Una vez comprendido qué es el crédito FUNDAE y cuál es su papel dentro de la estrategia formativa, el siguiente paso consiste en entender cómo funciona en la práctica. Conocer su lógica operativa permite planificar con mayor claridad y evitar interpretaciones imprecisas sobre su aplicación.
El funcionamiento del crédito formativo se apoya en tres elementos clave: el cálculo anual, la cofinanciación y la aplicación de la bonificación en los seguros sociales. Comprender estos tres pilares facilita integrar FUNDAE dentro de la planificación económica de la empresa.
El crédito disponible cada año depende fundamentalmente de dos variables:
A partir de estos datos, se aplica un porcentaje que varía según el tamaño de la empresa.
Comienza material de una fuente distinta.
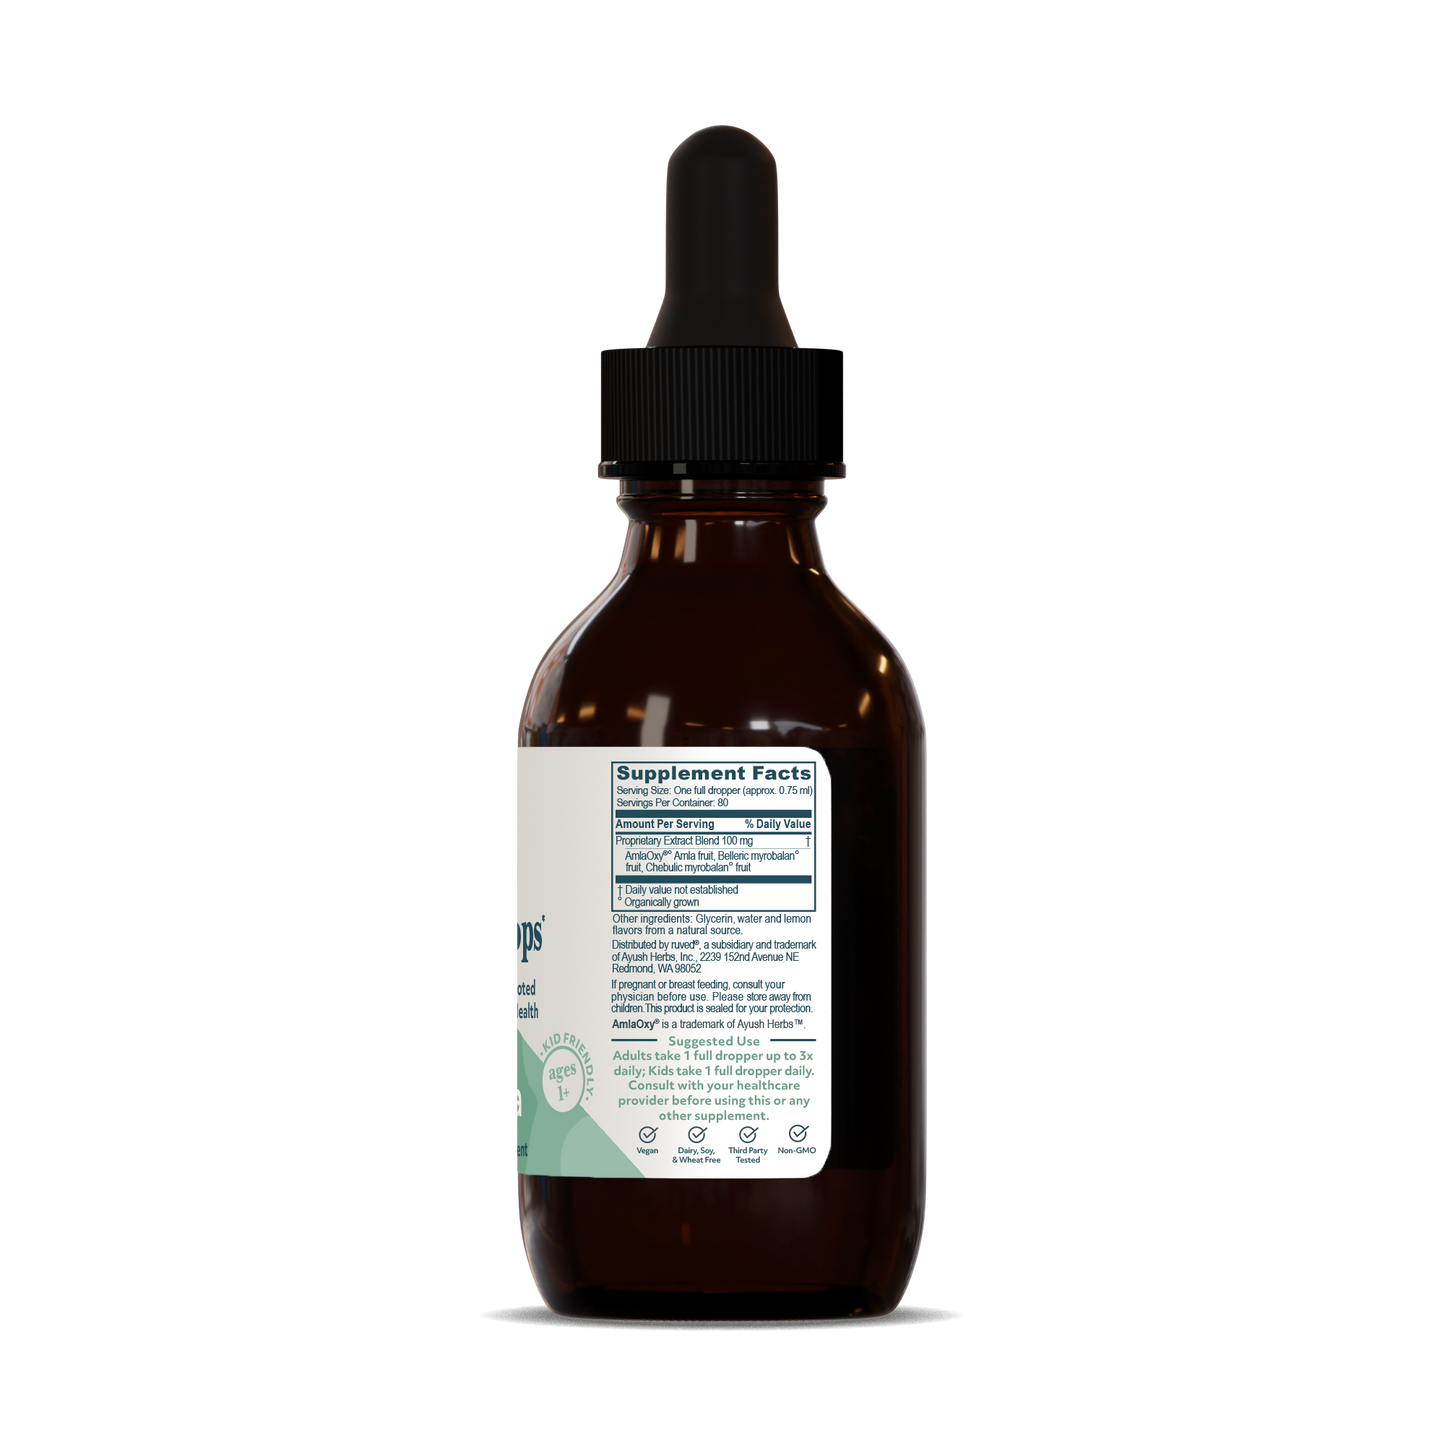 Triphala Drops Supplement Facts Side - Ayurvedic Digestive Support, 60ml Bottle, Herbal Blend for Gut Health and Digestion Detoxification.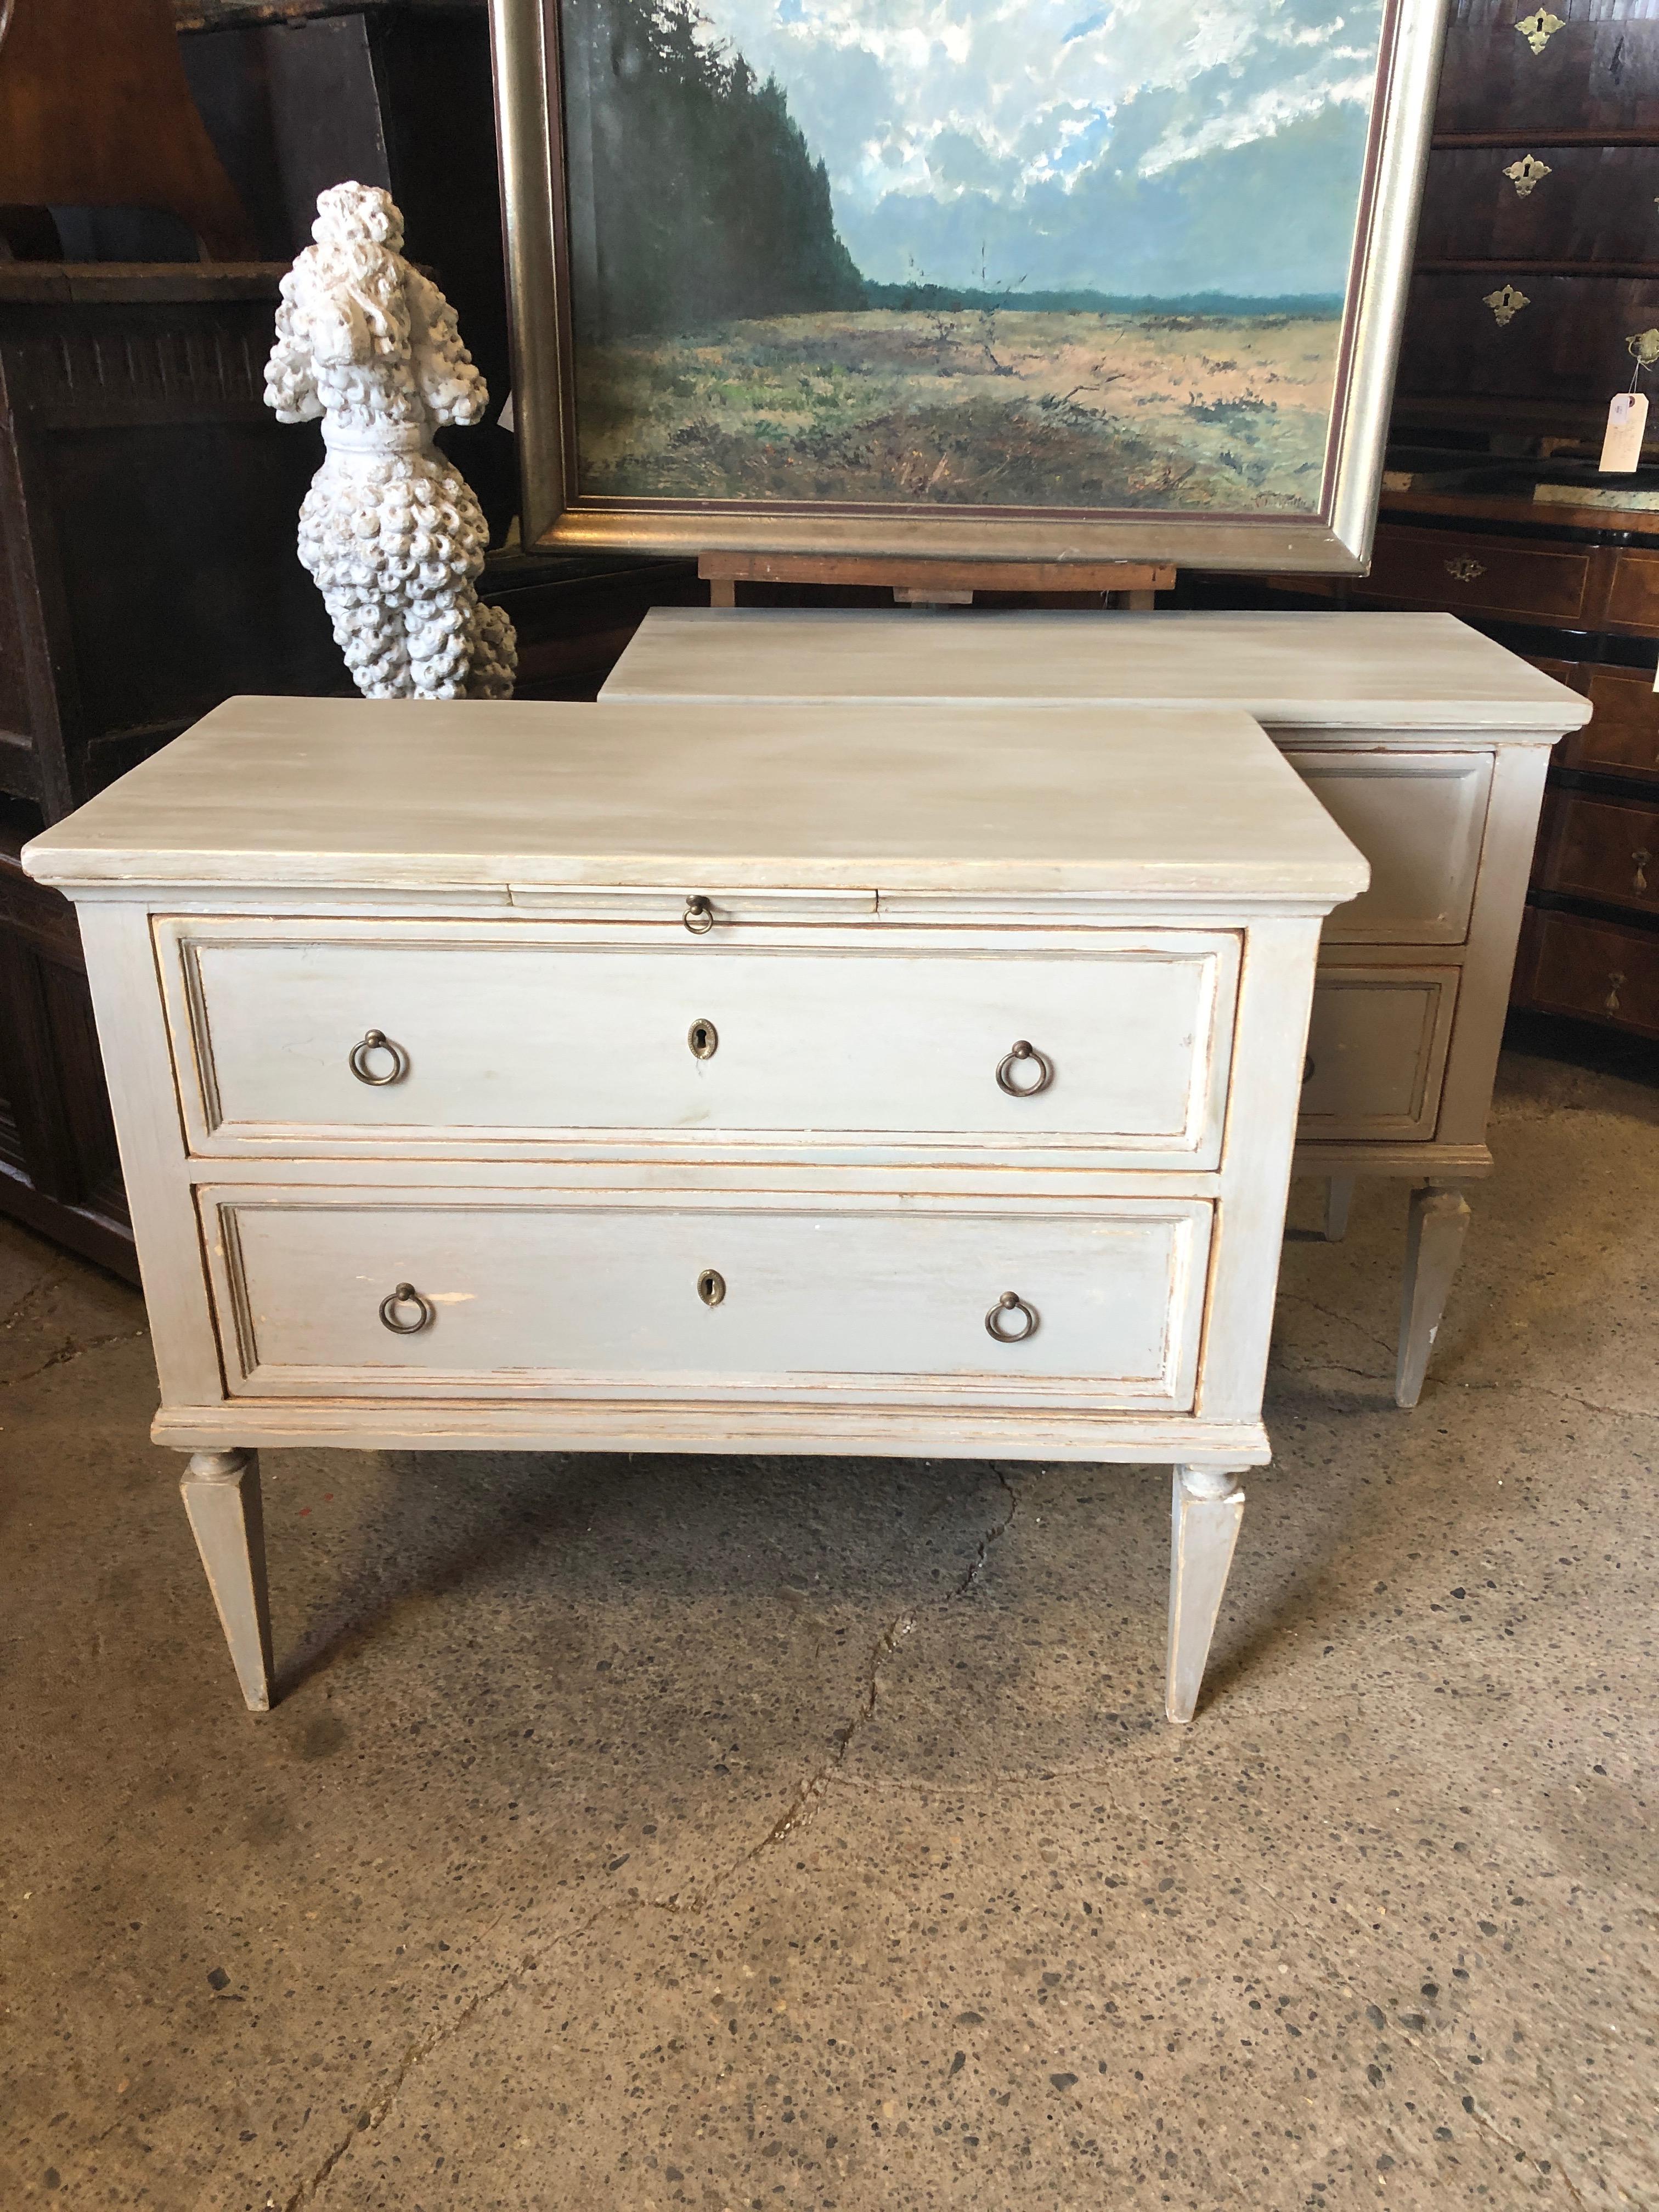 A pair of antique Swedish Gustavian painted wood chests from the early 19th century, with beautiful classic long tapered fluted legs, original hardware and original pull-out writing shelves. Lovely Swedish Blue Gray distressed paint finish. Born in

El resultado es el importe anual que podrá utilizarse para bonificar acciones formativas.
En términos prácticos, esto significa que la empresa no dispone de un crédito arbitrario, sino de una cantidad vinculada directamente a su estructura y a sus cotizaciones previas.
Además, las empresas de 1 a 5 trabajadores cuentan con un crédito mínimo garantizado, lo que permite que incluso las organizaciones de menor tamaño puedan acceder a formación bonificada.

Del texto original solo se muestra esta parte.